Once users get comfortable with the Smart Narratives tool, yet another powerful feature they find is that they can customize the style of writing that Smart Narratives uses to auto-generate plain-English explanations of charts and graphs. In the hands of a professional writer, that capability can be a game-changer in its own right.

The reason is that while the plain, barebones text descriptions of charts and graphs that Smart Narratives offers get the job done, if you punch up that writing style with some sparkle and wit from a pro writer, you’ll find that the text reports Smart Narratives generates grab a worker’s attention much more forcefully, hold it longer, and better ensure that the key insights your employees need in order to make informed decisions stay top of mind.
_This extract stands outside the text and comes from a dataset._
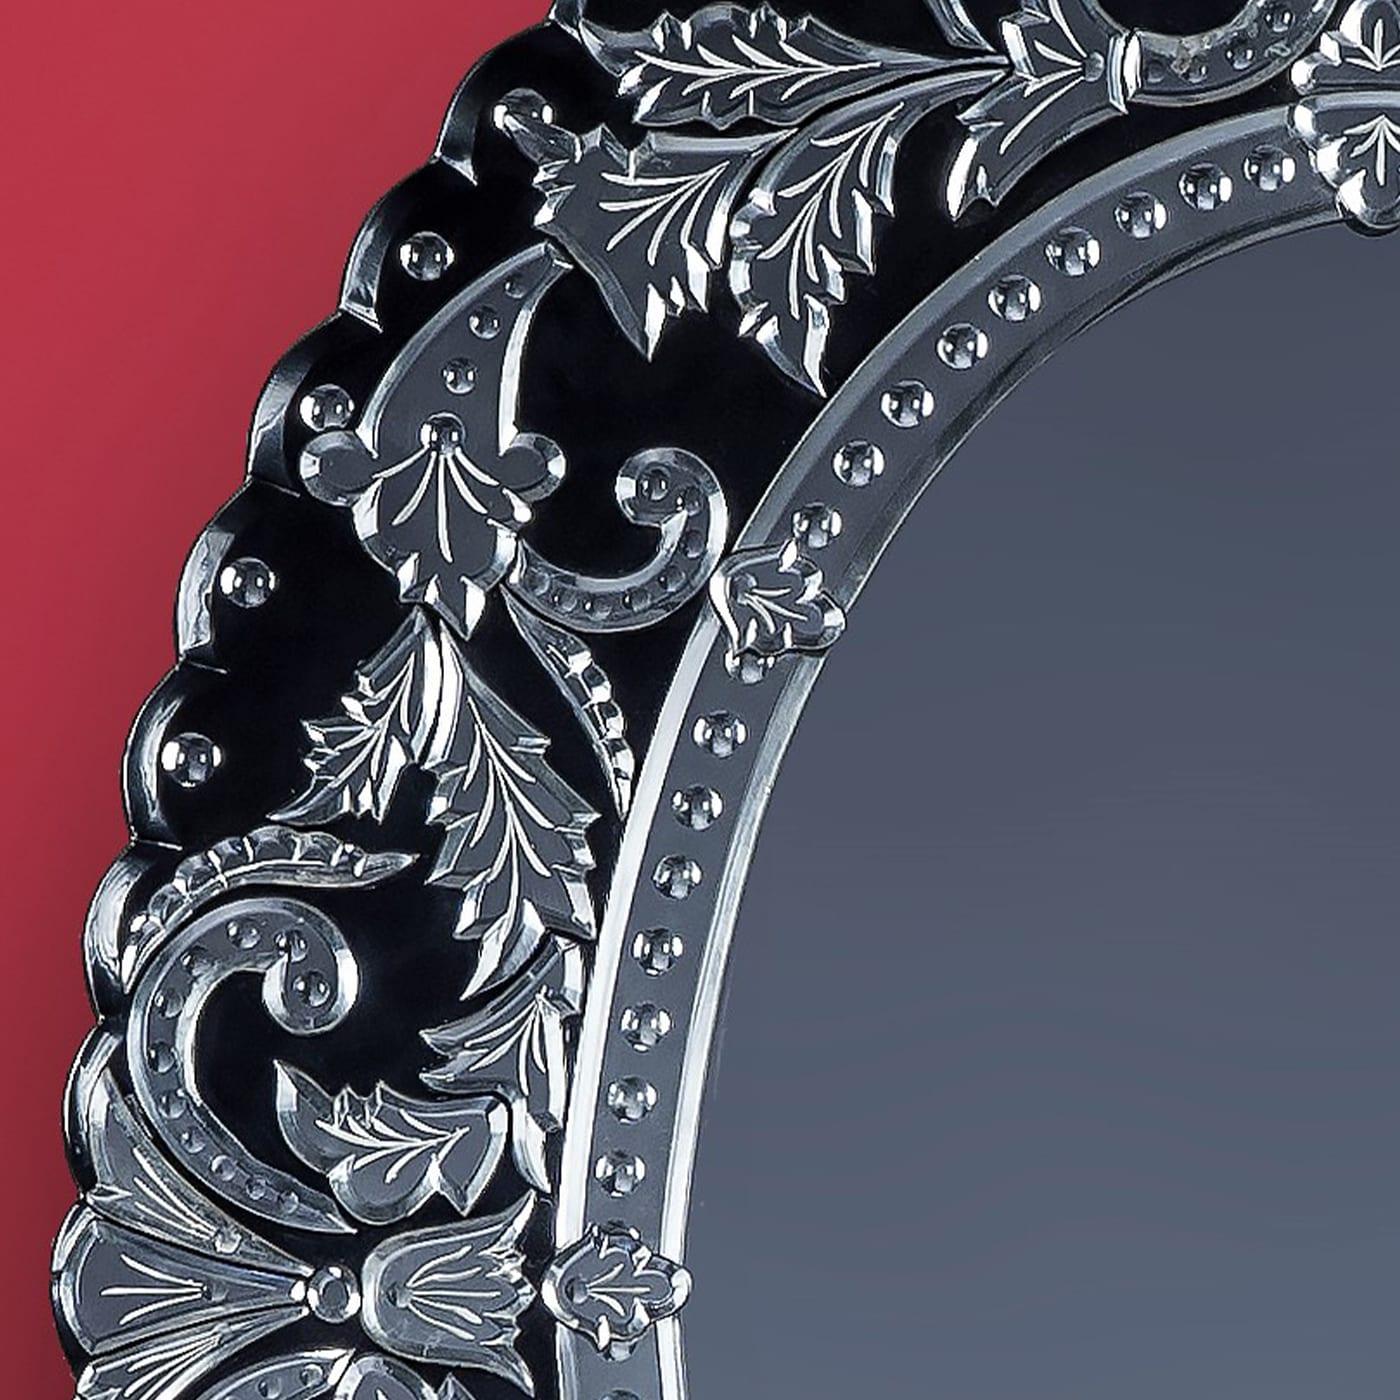 Luxueux miroir ovale en verre de Murano de style français du XIXe siècle, réalisé par Fratelli Tosi d'après un dessin de Fratelli Barbini. La bande qui embrasse le miroir central est gravée d'un motif floral, tout le cadre extérieur est une

Put another way: You wouldn’t hire Hemingway to paint the Sistine Chapel, and you wouldn’t hire Michelangelo to write The Sun Also Rises, so don’t task your graphics pro to punch up the writing that you find in Smart Narratives unless that person also happens to be a crack writer. Instead, hire or task a pro writer (preferably one who has a background in business feature journalism) who can work with your business analytics people to truly make the AI-generated templates behind your auto-generated reports sing.

Feature journalists are trained to engage and entertain, and they’re trained to do so without resorting to hype, distortion or fabrication. Those are the key traits you’re looking for in the template author behind your company reports.

The bottom line on the advent of the Smart Narratives tool? For companies looking to get a taste of how AI-generated company reports work and how auto-written analysis of company insights can turbocharge the speed at which business analysis can be communicated throughout a business, Microsoft’s Smart Narratives tool is a great place to start.

Over the long term, however, you’ll also want to take a look at similar AI auto-report writing tools offered by pioneers in the field, including Arria NLG (www.arria.com), AX Semantics (https://en.ax-semantics.com), Yseop (www.yseop.com), Narrative Science (https://narrativescience.com), Automated Insights (https://automatedinsights.
com
), Narrativa (www.narrativa.com), United Robots (www.unitedrobots.ai) and vPhrase (www.vphrase.com).

These companies have been working at commercialized AI-generated writing much longer than Microsoft, and they may have solutions that are more to your liking, including AI-generated writing add-ins of their solutions that work with a number of business intelligence programs, including Microstrategy, Alik, Spotfire, SAP, Tableau and Microsoft Power BI.

Joe Dysart is an internet speaker and business consultant based in Manhattan.